Poetry of Allama Iqbal: The Eternal Flame


The birth anniversary of Allama Muhammad Iqbal on November 9 is an occasion to remember him not only as a prolific poet and philosopher but quite simply as one of the greatest Muslims born in South Asia. It was his vision of a political and cultural ideal for the Muslims of British-ruled India that went on to serve as the foundational inspiration for Pakistan. While it is important to highlight the role of his poetic works in reinvigorating the Islamic spirit of the region, it is equally crucial to chart the trajectory of this revival; especially in the current atmosphere wherein Pakistan is seemingly teetering on the precipice of predestination.

Secrets of the Self

Albeit it might be natural to be galvanized by the visuals of masses chanting revolutionary slogans on the streets, it is necessary today to reflect on what constitutes the core of Iqbal’s philosophical endeavor as well as the first prerequisite of any positive transformation: the self. The first of Allama Iqbal’s books of poetry, ‘Asrar-i-Khudi’ (Secrets of the Self), was released in Persian in 1915. Highlighting the ego and the spirit, Iqbal outlined his worldview centered around the ‘Self’ (Khudi), referring to a divine spark that resides within each and every person:

“The form of existence is an effect of the Self,

Whatsoever thou seest is a secret of the Self,

When the Self awoke to consciousness.

It revealed the universe of Thought.”

It is worthy of note that Allama Iqbal illustrated the \”Self\” as the route to the ultimate of all knowledge and realization and the very characteristic for which God commanded all of the angels to prostrate before Adam. However, the self on its own is not complete, but rather a summation of individual stages one passes through in order to \”arrive.\” The relationship between fragrance and seed can best be observed to comprehend this analogous journey. Every seed possesses within itself the capacity for fragrance. But the seed must go through several stages and alterations before it may become fragrant. Its emergence from the shell, proceeding to rise from the darkness of the soil while simultaneously establishing roots, then struggling against nature to manifest its leaves and blossoms Similarly, an individual remains subject to fundamental changes before his pinnacle can truly reflect on or restructure society. As enunciated in the poem ‘Baidaari’ (Awakening):

“The Truth‐seeking man whose self has awakened

Is like a sword which is cutting and brilliant.

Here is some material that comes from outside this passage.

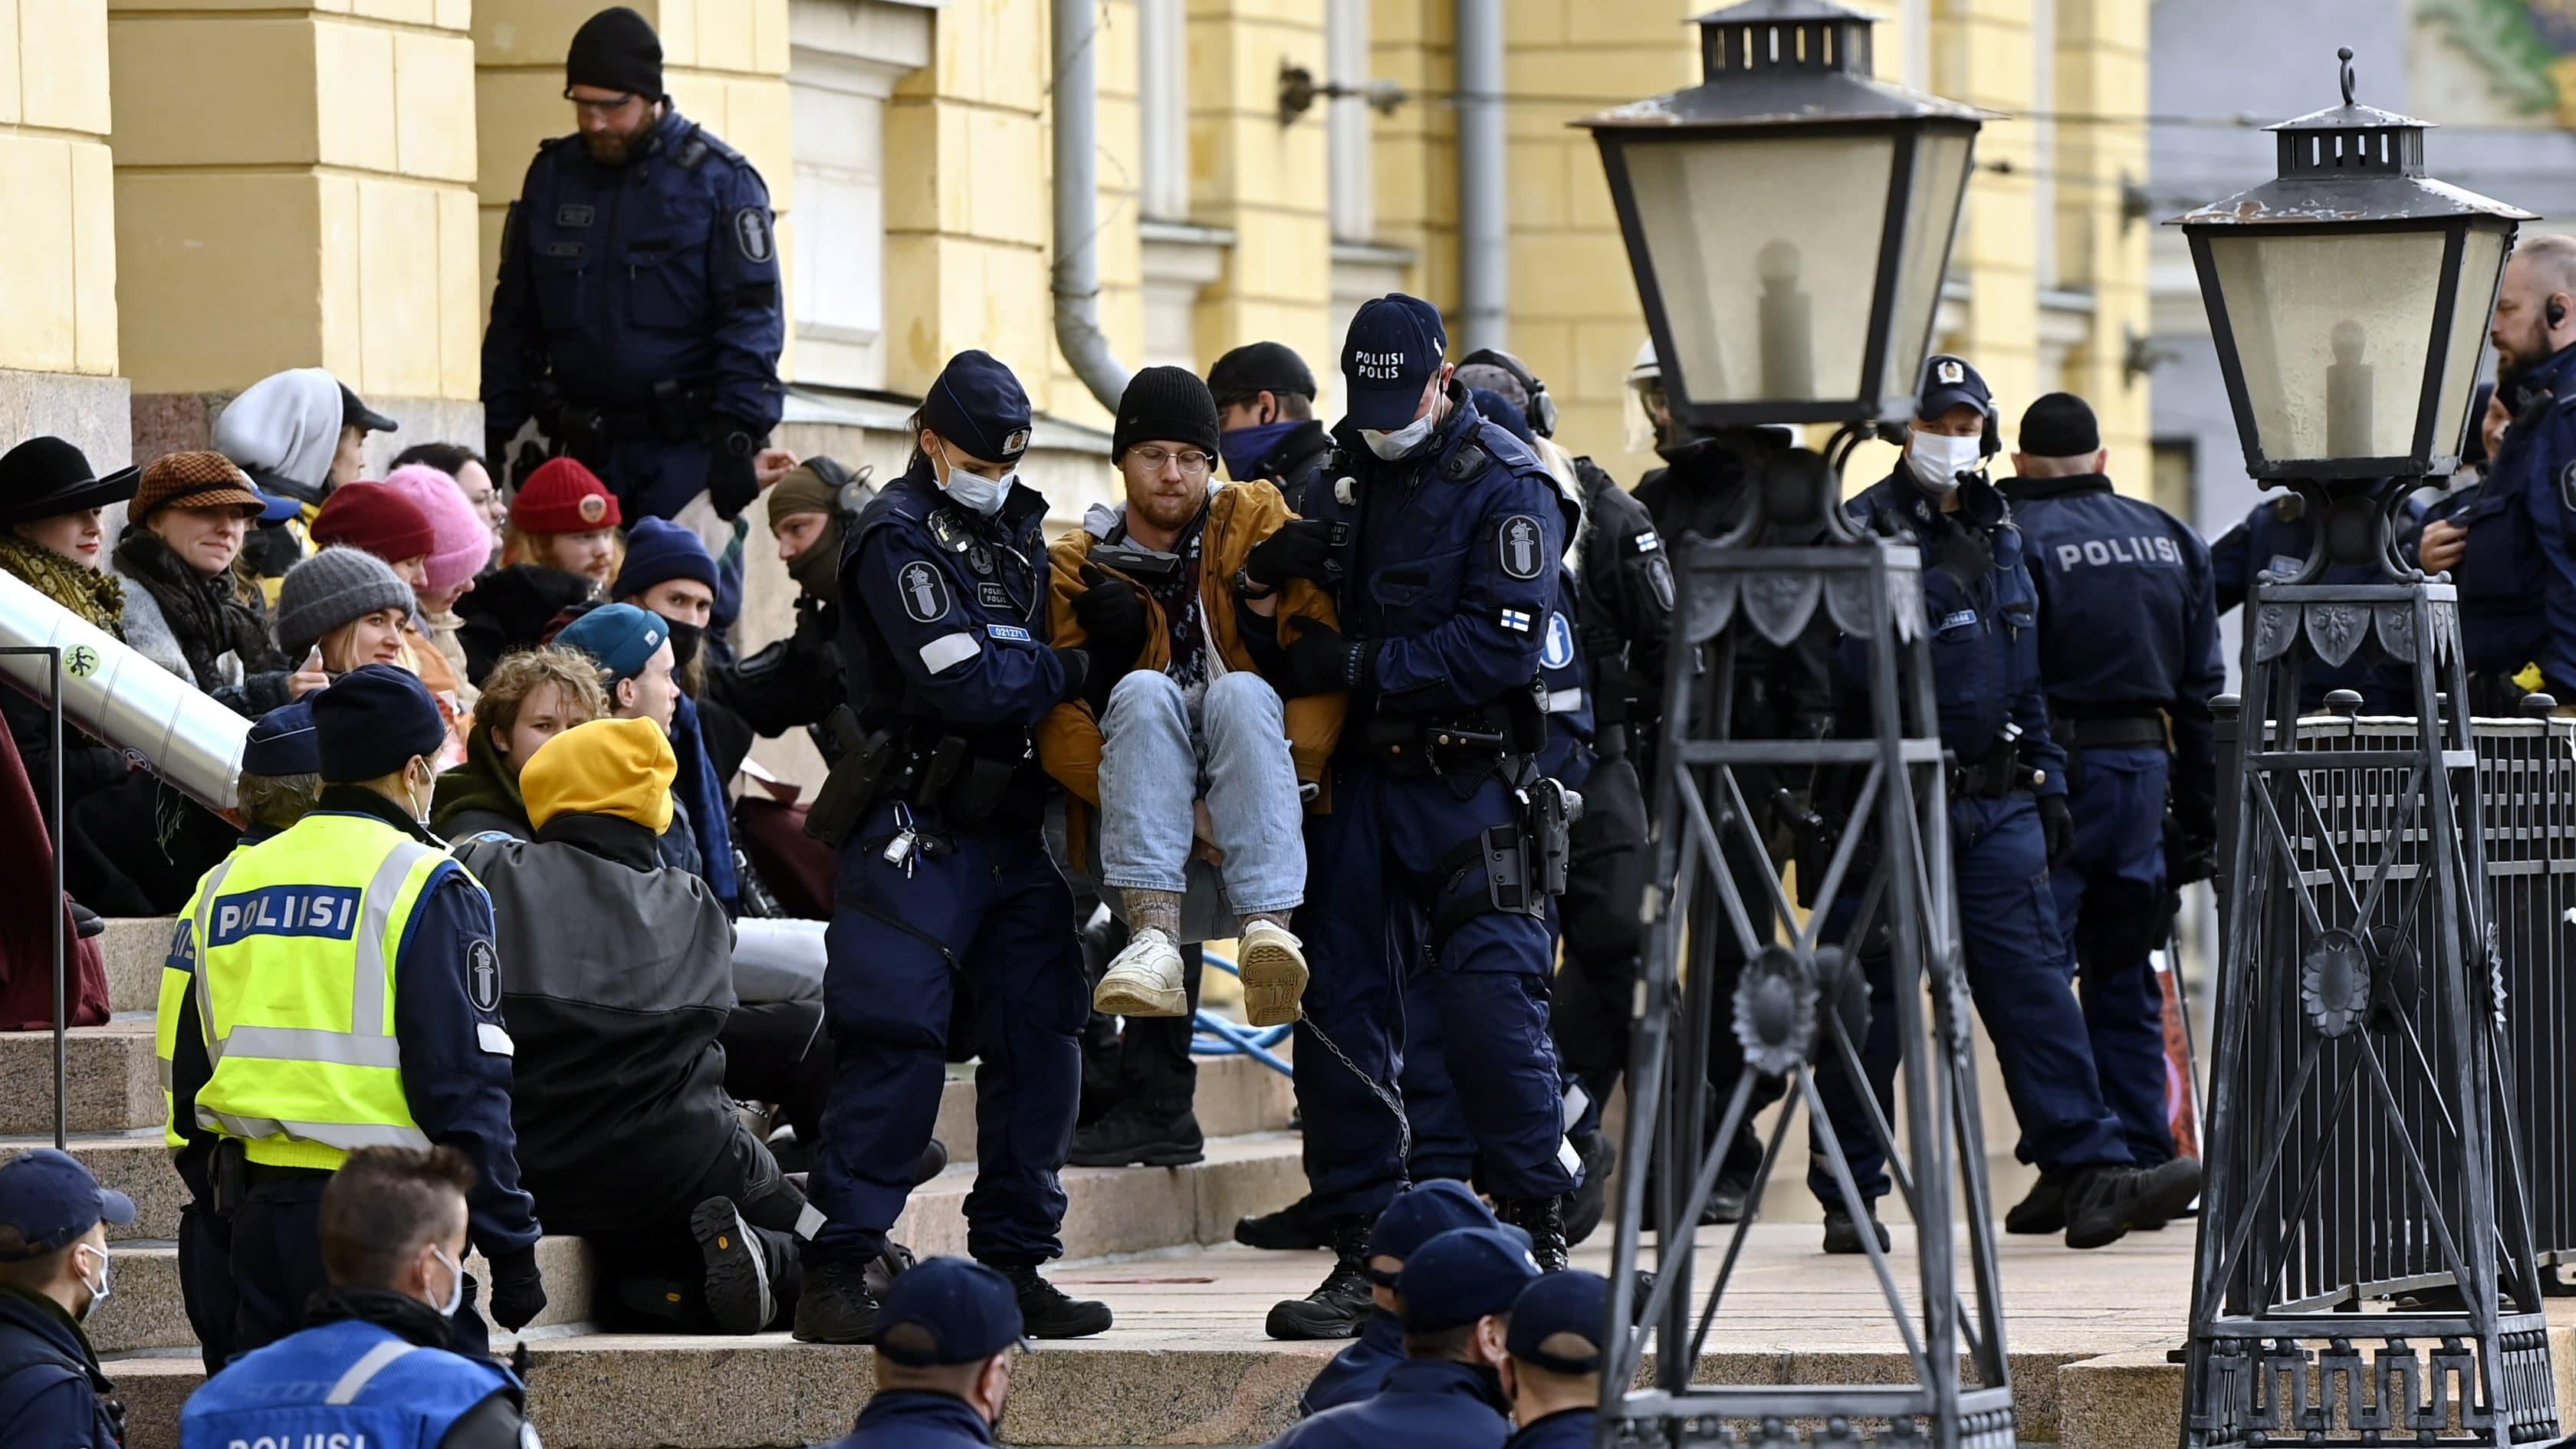 Poliisi siirtää mielenosoittajia pois paikalta - Ympäristöliike Elokapina lukittautui Valtioneuvoston linnan edustalle Helsingissä 8. lokakuuta 2021.

To his keen eye is visible

The power to show what is latent in every atom.

To him you cannot be compared:

You are the slave of the heavens while he is their master.

You have not yet developed even a desire for the shore;

He has grasped the secrets of the deep through the purity of his soul.”

The True Awakening

Not all that is perceived as \”awakening\” is necessarily the force for the greater good it is projected to be. Often, freedom of thought and expression, when exercised by people with lowly or malevolent ideals, spells irreversible ruin. If lacking in the purity of intention or maturity of command, neither the individual nor his social environment will benefit in any significant measure. Conversely, such notions only lead men to dwindle between extremes. Allama Iqbal forebodes bondage and misery for nations without such clarity:

That race is doomed to bondage and much pain,

Which justice for its ego canʹt attain.

The faults of one man Nature can reprieve,

But groups for crimes no pardon can receive.

Old Lessons, Modern Times

Nevertheless, ideas and energies, when channeled with adequate intellectual lucidity, are rays of hope for metamorphosing masses into nations. To imagine that positive sociopolitical outcomes will reveal themselves as a sudden consequence of intense rallying behind a cause is imprudent. As for consciousness of the self that undergoes phases before it can impart its distinct essence to the outer world, favorable transitions especially on a national footing will only follow in due course. However, patience for the culmination of such goals must not be construed as senseless waiting or reduced to inaction. In this regard, it is incredible how the message of Allama Iqbal still resonates almost a century later:

The dark surroundings of Hind it wonʹt forsake

Till natives sunk in slumber do not wake.

The hopes of Orient on this region hinge,

The tears that Iqbal sheds on it impinge.

Whilst the tribulations Muslims of the region are presently confronted with cannot be equated with their subjugation in the era of British colonialism, they are not as yet emancipated from the oft-illusive paradigms of nationalism and adulation. Brilliantly articulated in Allama Iqbal’s ‘Wataniyat’ decades ago, it appears that most have forgotten the once envisioned common destination grounded in faith, in lieu of a multitude of concocted fiefdoms. In the ultimate analysis, it remains to be seen whether modern waves of popular resentment will usher in the winds of change, or dissolve into nothingness where the more powerful will issue the final verdict:

Aware am I! but tells me my cosmic foresight:

No danger from what is but a masquerade for imperialism.

We ourselves have dressed imperialism in the garb of democracy

When man has grown to be a little self‐conscious and self‐observant.